4. Apply Attack Pattern Matching

Use regular expressions to detect OWASP-style attack signatures in the URI or query parameters.

Example for SQL injection:

sql_injection_pattern = re.compile(r"(\bUNION\b|\bSELECT\b|['\"].*?--)", re.IGNORECASE)
if sql_injection_pattern.search(match.group('uri')):
    print("Potential SQL injection attempt detected.")

Similar patterns can be used for detecting directory traversal (\.\./), local file inclusion (/etc/passwd), and common web scanner fingerprints.

5. GeoIP Enrichment

Enrich the IP address with geolocation data to understand the origin of the request.

import geoip2.database

reader = geoip2.database.Reader('/path/to/GeoLite2-City.mmdb')
response = reader.city(match.group('ip'))
print(f"Country: {response.country.name}, City: {response.city.name}")

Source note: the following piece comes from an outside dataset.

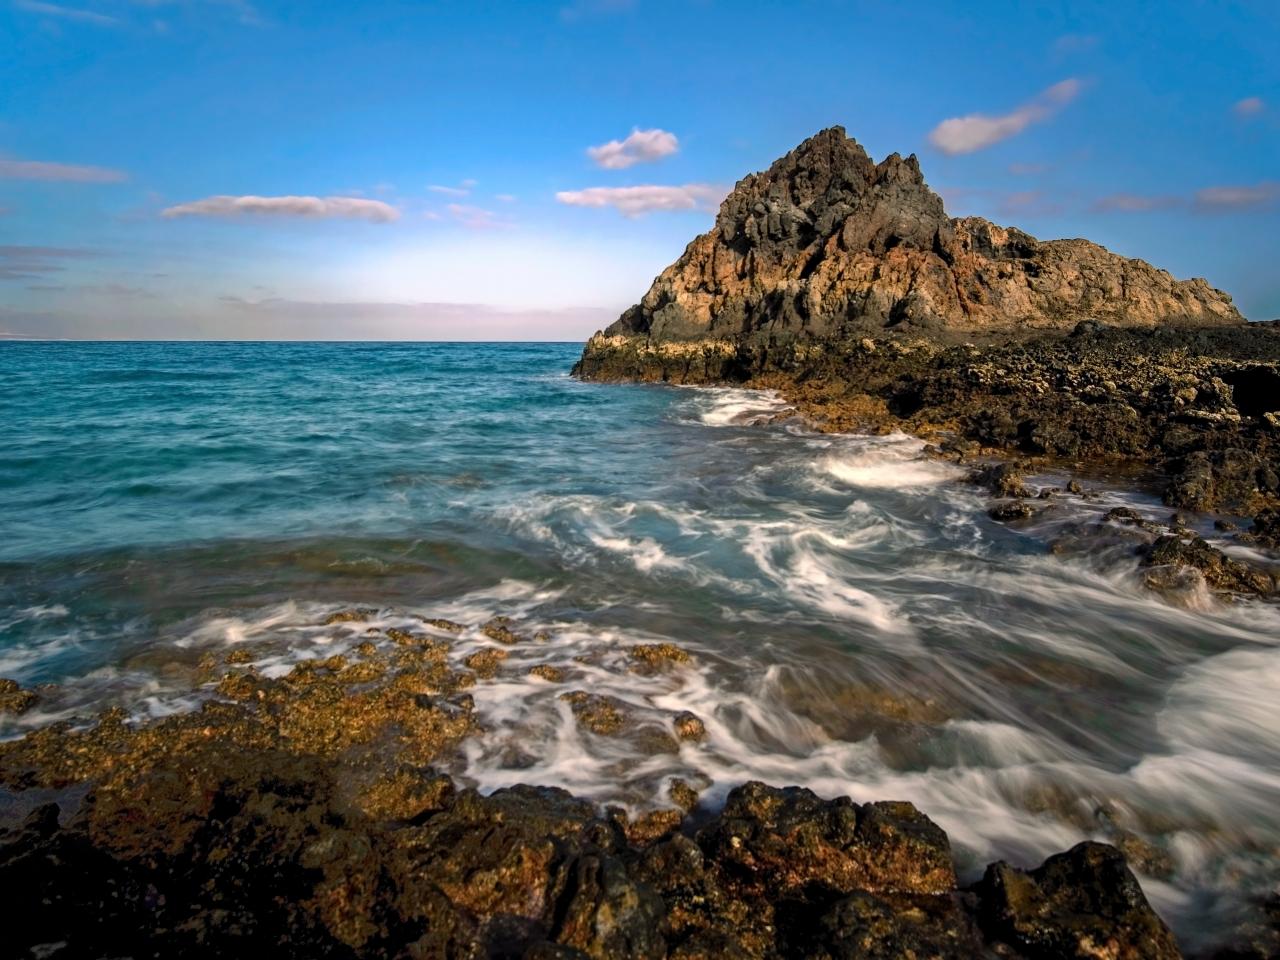 Isla de Lobos en España - 1280x960

6. Statistical Anomaly Detection

Track request frequency and response size per IP or URI to identify brute-force or scanning activity.

Example:

from collections import Counter

ip_counter = Counter()
## For each parsed log entry:
ip_counter[match.group('ip')] += 1

## Later, find IPs with high request counts
for ip, count in ip_counter.items():
    if count > 1000:  # Threshold should be tuned
        print(f"Brute-force or scanner activity detected from {ip}")

7. Review and Investigate

Flagged entries should be further reviewed. Correlate findings with other security telemetry (WAF, EDR, SIEM) for comprehensive incident response.

When to Use It

  • During Incident Response: When investigating post-incident logs to determine the scope and method of an attack.
  • Proactive Threat Hunting: Regularly scanning access logs for signs of attacks missed by other controls.
  • Developing Detection Rules: Building or tuning SIEM queries and detection rules for web-based threats.
  • Security Monitoring Validation: Testing and validating the effectiveness of your web application security coverage.

Important Notes

  • Always obtain authorization before analyzing production logs, especially in environments with sensitive data.
  • Attackers may use evasion techniques, such as encoding payloads or rotating IP addresses, which can limit detection effectiveness.
  • Regularly update your regex signatures based on the latest OWASP and threat intelligence sources.
  • GeoIP databases may not always provide accurate attribution and should be considered supplementary context.
  • High request frequency is not always malicious (e.g., legitimate web crawlers); verify before taking action.
  • Maintain audit logs and document findings for compliance and incident response purposes.

By systematically applying these techniques, security teams can greatly enhance their ability to detect and respond to common and emerging web application threats.